Ugh, imperial measures. Do you mind if I work with a five-centimetre sphere dropped from 60 metres?
A sphere is quite an aerodynamic shape; so I expect, for most masses, that air friction will have a small to negligible impact on the sphere's final velocity. I know that the acceleration due to gravity is 9.8m/s^2, and so I turn to the equations of motion; v^2 = v_0^2+2*a*s (where v_0 is the starting velocity). Starting velocity v_0 is 0, a is 9.8, s is 60m; thus v^2 = (0*0)+(2*9.8*60) = 1176, therefore v = about 34.3m/s. Little slower than that because of air resistance, but probably not too much slower. (You'll also notice that I'm not using the radius of the sphere anywhere in this calculation). It's an approximation, yes, but it's probably fairly accurate... good enough for many, though not all purposes.

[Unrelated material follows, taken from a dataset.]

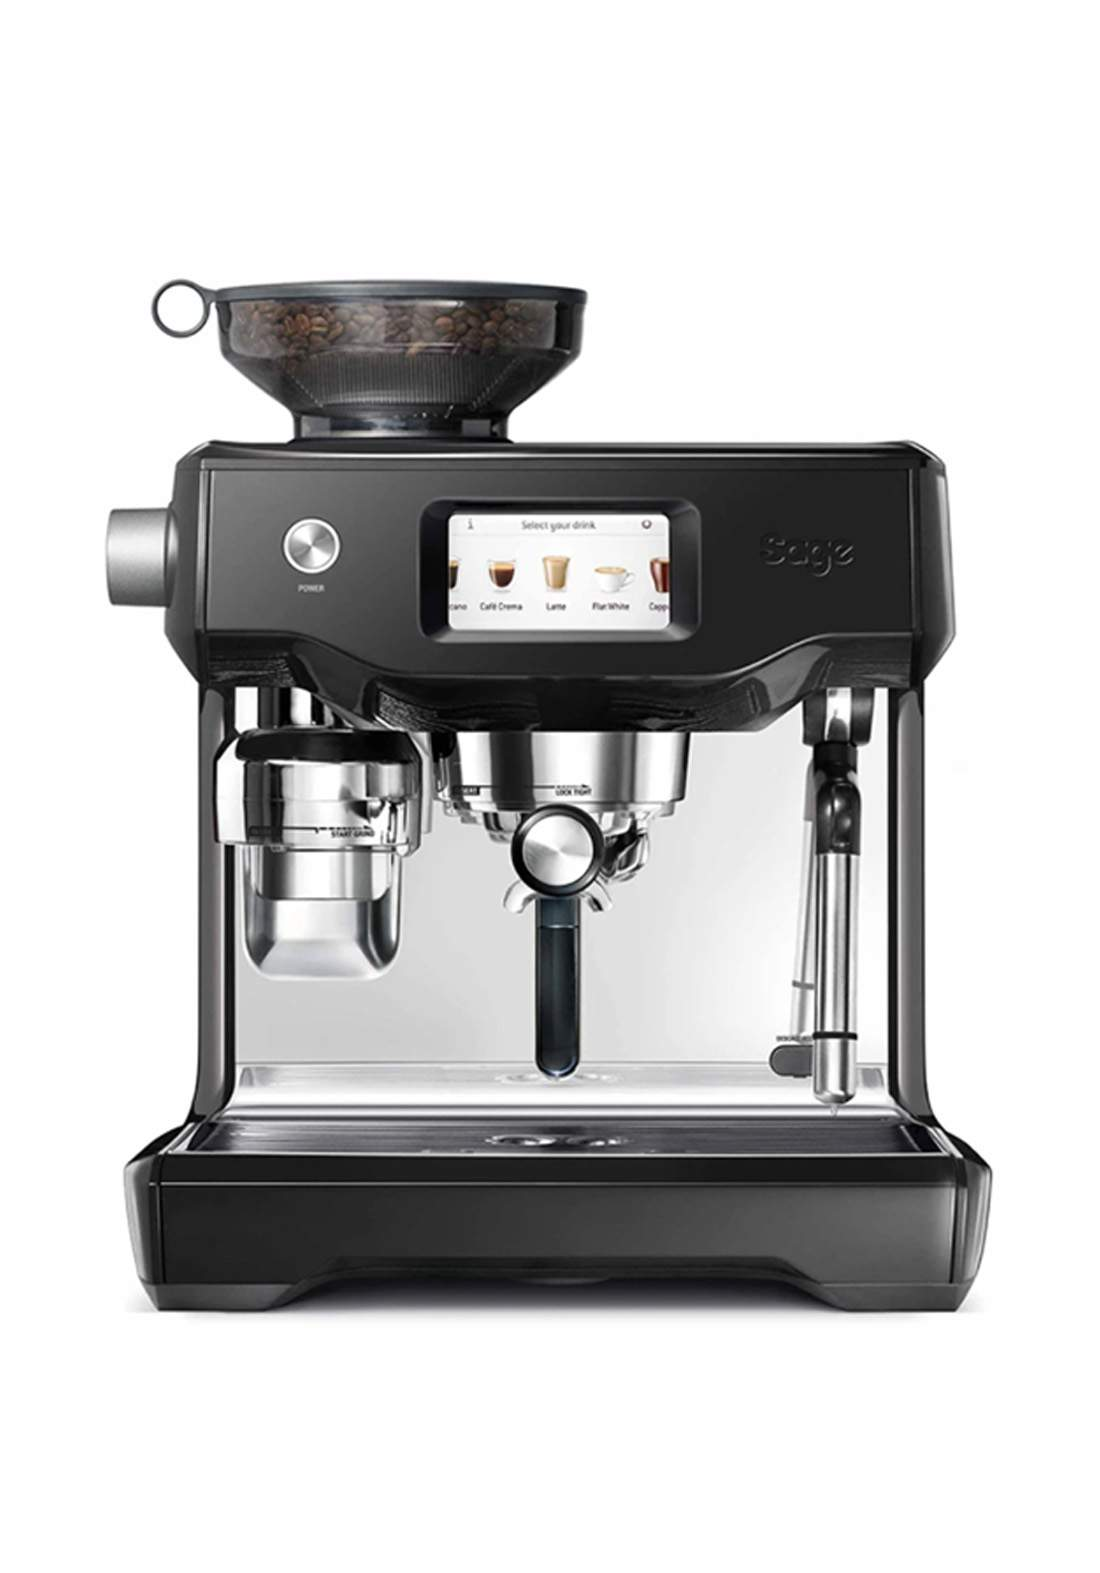 Sage SES880BSS4EEU1 Coffee Machine 2400 Watt ماكنة صنع قهوة

Now, if I know the mass but not the shape, it's a lot harder to justify the "ignore air resistance" step...
You're doing the middle-school physics "an object dropped in vacuum" calculation :-) If you want to get a number that takes air resistance into account you need college-level physics.
So, since you've mentioned accuracy, how accurate your 34.3 m/s value is? Can you give me some kind of confidence intervals?
Yes, exactly. Because for many everyday situations, it's close enough.
No, I can't. In order to do that, I would need, first of all, to know how to do the air resistance calculation - I can probably look that up, but it's going to be complicated - and, importantly, some sort of probability distribution for the possible masses of the ball (knowing the radius might help in estimating this).
Of course, the greater the mass of the ball, the more accurate my value is, because the air risistance will have less effect; in the limit, if the ball is a hydrogen balloon, I expect it to float away and never actually hit the ground at all, while in the other limit, if the ball is a tiny black hole, I expect it to smash into the ground at exactly the calculated value (and then keep going).
And thus we get back to the question of what's important in physics equations.
But let's do a numerical example for fun.
Our ball is 5 cm in diameter, so its volume is about 65.5 cm3. Let's make it out of wood, say, bamboo. Its density is about 0.35 g/cm3 so the ball will weigh about 23 g.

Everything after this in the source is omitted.